### Machine learning with Python

There are many different python packages, one of them we use here is Scikit-Learn(sklearn) Package.
It is the most popular machine learning package for python and has a lot of tools and algorithms builtin for machine learning tasks, such as classification, regression, clustering, dimensionality reduction and more.

It is built on top of other python libraries, such as Numpy and Scipy, and integrates well with the scientific python ecosystem.

- Scikit learn provides a straightforward and consistent API, making it easy to use and learn.
- Includes an extensive selection of algorithms such as support vector machine (SVM), random forests, Knearest neighbors, decision trees, gradient boosting, logistic regression and more.
- It offers tools for data processing: data scaling, feature extraction and handling missing values
- Provides tools for model evaluation, various classification and regression, clustering metrics.

> pip install scikit-learn
or
> conda install scikit-learn


#### ML Process
                          
Data Acquisition --> Data Cleaning -->  Model Training and Building --> Model Testing --> Model Deployment

- Data cleaning --> Model training and test data
- Model testing --> model training and model deployment

Scikit -learn

In __scikit-learn__, every machine learning algorithm is exposed through the concept of __"estimators."__ 
This means that each algorithm, whether it's for classification, regression, clustering, or any other task, is represented by a class that follows a common interface and set of methods.

1. Import model,
from sklearn.linear_model import LinearRegression

linear_model is a family of models; LinearRegression is model itself/estimator

In [1]:
from sklearn.linear_model import LinearRegression

In [3]:
model = LinearRegression(normalize = True)
print(model)

LinearRegression(normalize=True)


In [6]:
model = LinearRegression(copy_X = True, fit_intercept = True, normalize = True)
print(model)


LinearRegression(normalize=True)


__Once you create your model with parameters, you need to fit your model on some data. But, we should split data into training and test dataset.__
Example of how we can do that:

In [8]:
import numpy as np
from sklearn.model_selection import train_test_split

X, y = np.arange(10).reshape((5,2)), range(5)
X


array([[0, 1],
       [2, 3],
       [4, 5],
       [6, 7],
       [8, 9]])

In [9]:
list(y)

[0, 1, 2, 3, 4]

In [10]:
X_train, X_test, y_train, y_test = train_test_split(X, y, test_size= 0.3)

X_train

array([[4, 5],
       [8, 9],
       [6, 7]])

In [11]:
y_train

[2, 4, 3]

In [13]:
X_test

array([[0, 1],
       [2, 3]])

In [14]:
y_test

[0, 1]

Now we have split the data, we can train/fit our model on the training data.
This is done using the model.fit()method

> model.fit(X_train, y_train)

Now the model has been fit and trained on training data, the model is ready to predict lables or values on the test set.

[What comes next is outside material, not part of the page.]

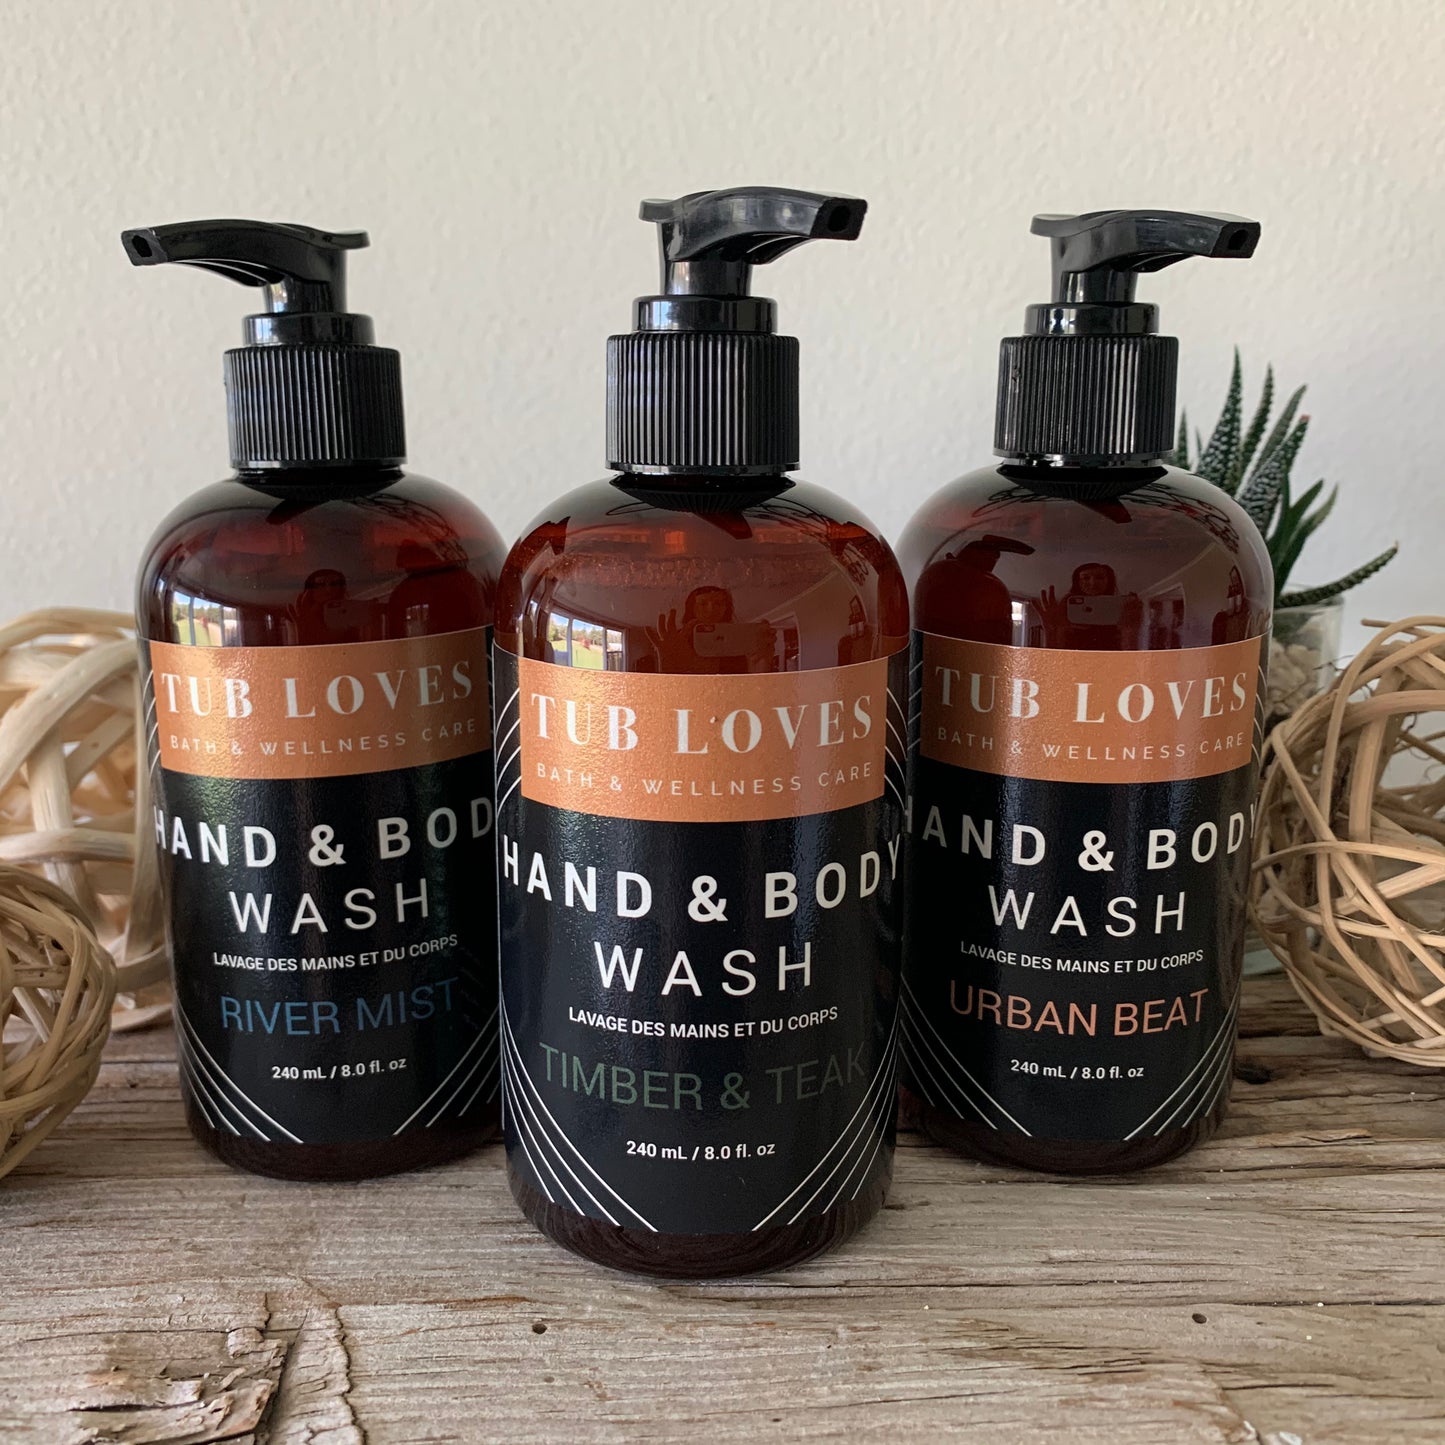 TIMBER & TEAK - HAND AND BODY WASH - Tub Loves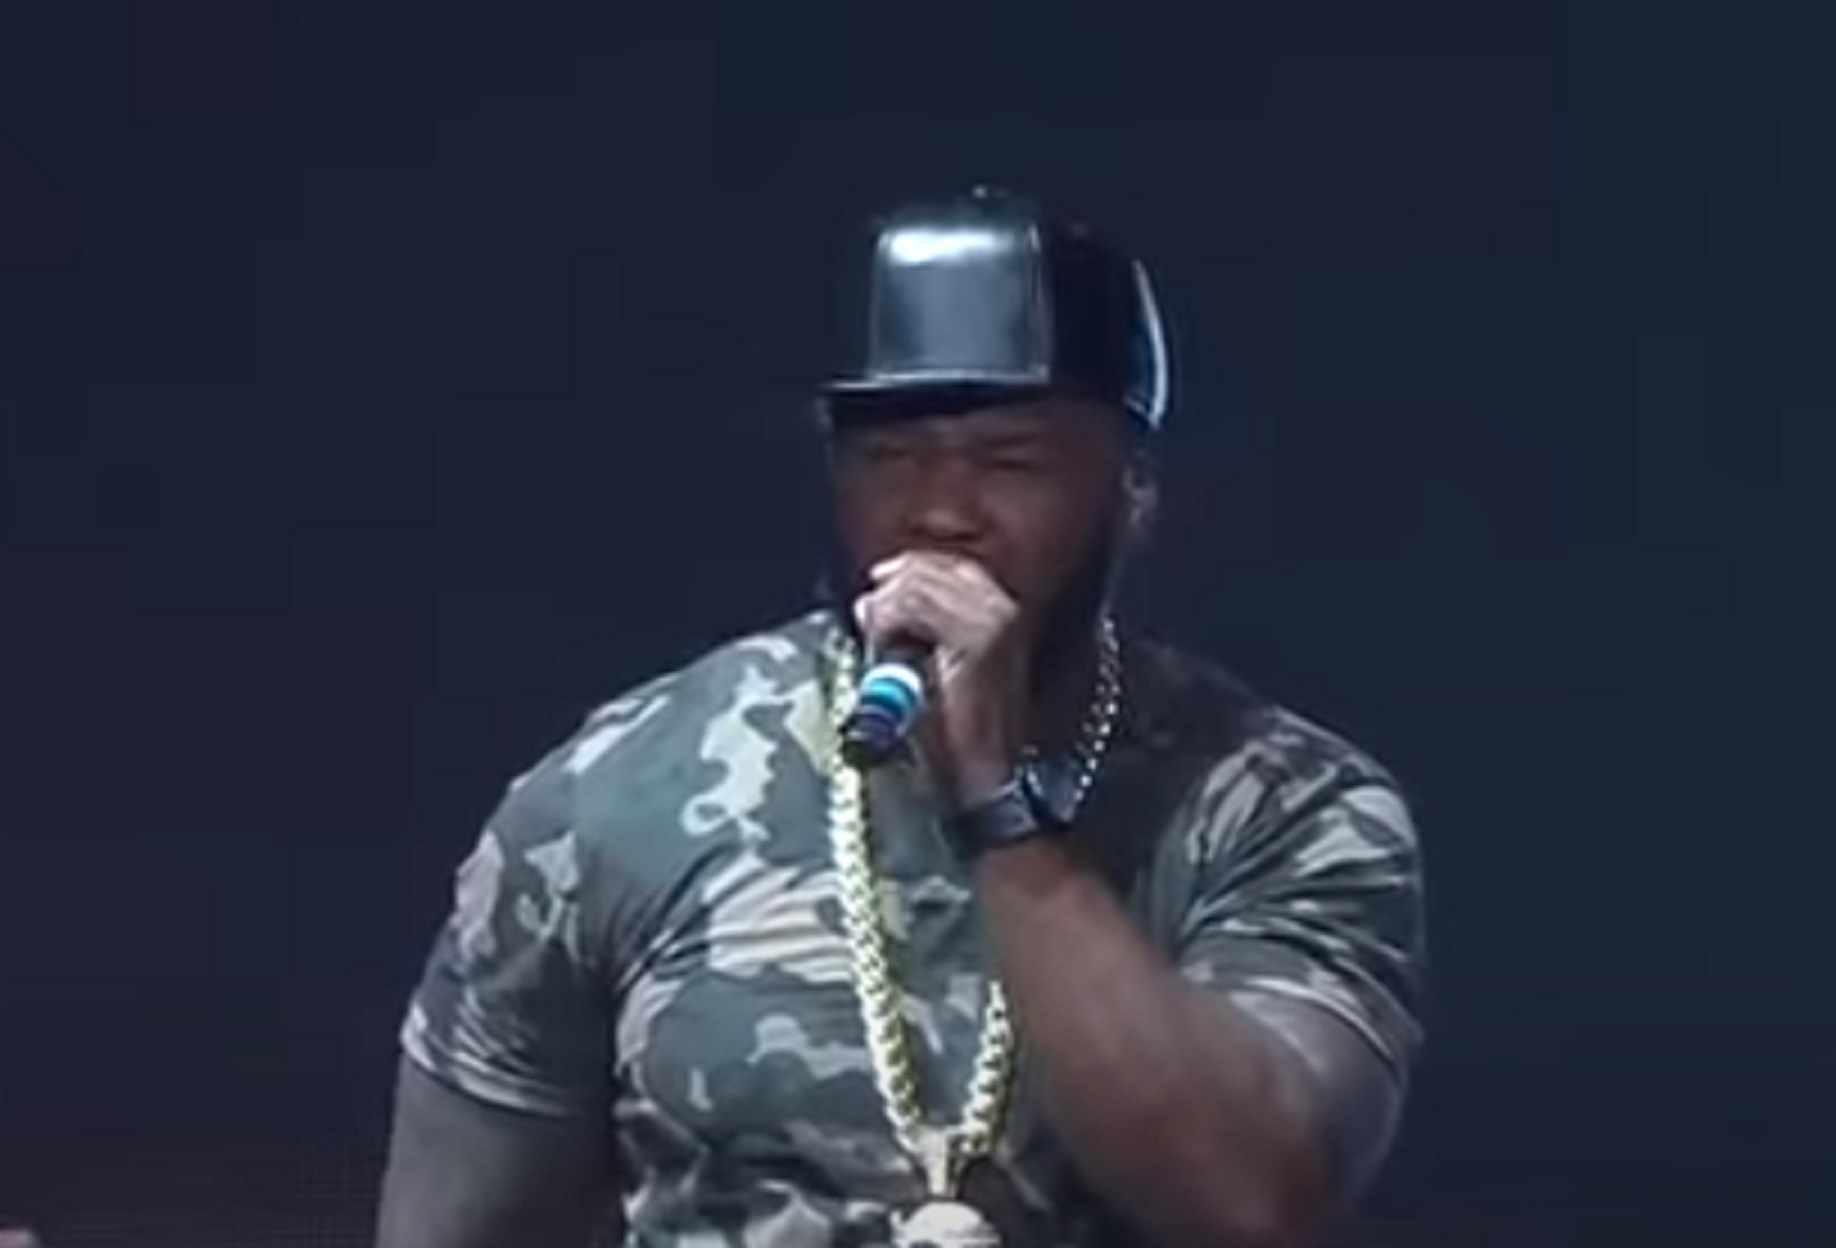 50 Cent Getting Booed Off Stage In Atlanta Goes Viral Again In Response to Him Dissing T.I.

> predictions = model.predict(X_test)

Trained model is going to predict new set of data.

After model is ready to predict lables, we evalute our model by comparing our predictions to correct values. Evaluation method depends on what sorts of Aalgorithm we are using (eg: regression, clustering, classification)


__Some available methods in estimator:__

1. model.predict_proba() : 
    - used for classification problems.
    - returns the probability that a new observation has each categorical label.
    - return the label with the highest probabilities. (model.predict())

2. model.score():
    - for classification and regression problems.
    - scores ranges from 0 to 1.
    - larger the score, better the fit.
    
3. model.predict():
    - In unsupervised model
    - predict labels in clustering algorithm.
    
4. model.transform():
    - In unsupervised model
    - transform new data into new basis
    - it also accepts one argument X_new and returns the new representation of the data based on unsupervised model.
    
5. model.fit_transform():
   - In unsupervised model.
   - more efficient.
   - performs a fit and transform on the same i/p data.